Giving up 13 short-yardage third-down conversions isn’t great, but for a defense built like the Rams, it isn’t the most unexpected thing. But, they are supposed to be specifically schemed up to avoid explosive plays. That is not what is happening on third down. On 44 percent of third and seven or greater plays, they are giving up a first down or a touchdown.
This is one of those “something’s got to give” matchups. Both teams seem to lose their way when it comes to third down. On one side, the Rams give up plays they are built to defend. On the other side, the Seahawks go away from what works for them. When in third and short they should be running the ball but by and large they opt to pass. Not only that but the most targeted receiver on third down has been Freddie Swain when, as noted before, he is not among their best pass catchers. Whichever side wins this matchup will likely win the game.
Red Zone Scoring
The Seahawks have put up at least 28 points in three of their first four games this season. Even when they only managed to score seven points in the first half against the 49ers they were able to pile on 21 points in the second half. They find a way to get into the end zone.
The Rams defense has been everything from spotty to unreliable. So it will be on the offense to score points. So far the Ram offense was able to generate quick points with explosive passing plays from the formidable arm of Matthew Stafford. Last week, the Rams saw what it looked like when he didn’t look so formidable. That said, when things were clicking he was able to put together a few drives deep into Cardinal territory, but the Rams failed to convert those trips into touchdowns. It will be absolutely necessary for the Rams to score every time the Seahawks defense allows them into the red zone.

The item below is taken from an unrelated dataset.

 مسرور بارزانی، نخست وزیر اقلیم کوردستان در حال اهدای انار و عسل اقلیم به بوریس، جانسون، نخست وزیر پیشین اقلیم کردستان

On the very first drive of last week’s loss, the Rams found their way to the doorstep of the red zone but failed to pick up a first down on a second and five and a third and five due to a Cooper Kupp drop and failed play to Tyler Higbee in the end zone. Certainly, the drop is a mental mistake. One that proved to be costly later in the game. They settled for three points rather than getting seven.

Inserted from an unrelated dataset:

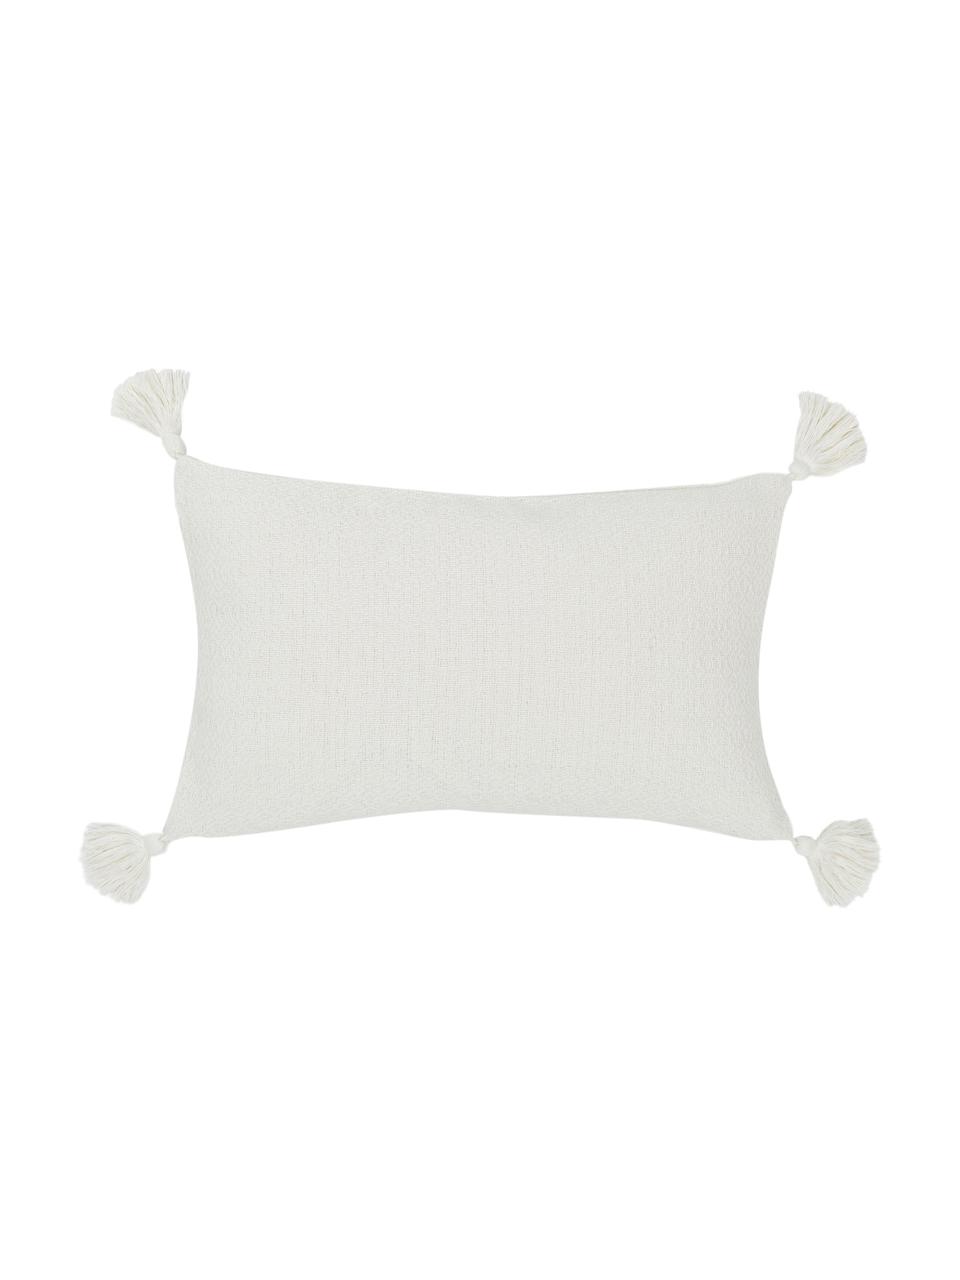 Poszewka na poduszkę z chwostami Lori, 100% bawełna, Biały, S 30 x D 50 cm

In the second quarter, the Rams couldn’t punch it in from four yards out after two short passes to Kupp. On the first, he was pretty well covered and the second Stafford sailed the pass well out of Kupp’s reach. McVay opted for a field goal rather than an attempt on fourth down to bring the difference at the time to four points. In the fourth quarter, they drove to the Cardinal one and yet again failed to score, but at least went for it with all four downs.
That’s 15 points essentially left off the board due to mistakes in execution and in playcalling.
Unlike the Seahawks who find ways to score, the Rams were expecting that Cooper Kupp would have another amazing game. He didn’t. Kupp was targeted 13 times and caught five passes. At a certain point, you have to look for other receivers and allow them to show out. Robert Woods and Van Jefferson were begging to have one of those games.
While the Seattle defense isn’t terribly good, in the red zone they have been one of the better teams in the league when it comes to stopping touchdowns. They rank seventh in the league in touchdown percentage. Despite their good performance against the Rams, the Cardinals are 16th in the league.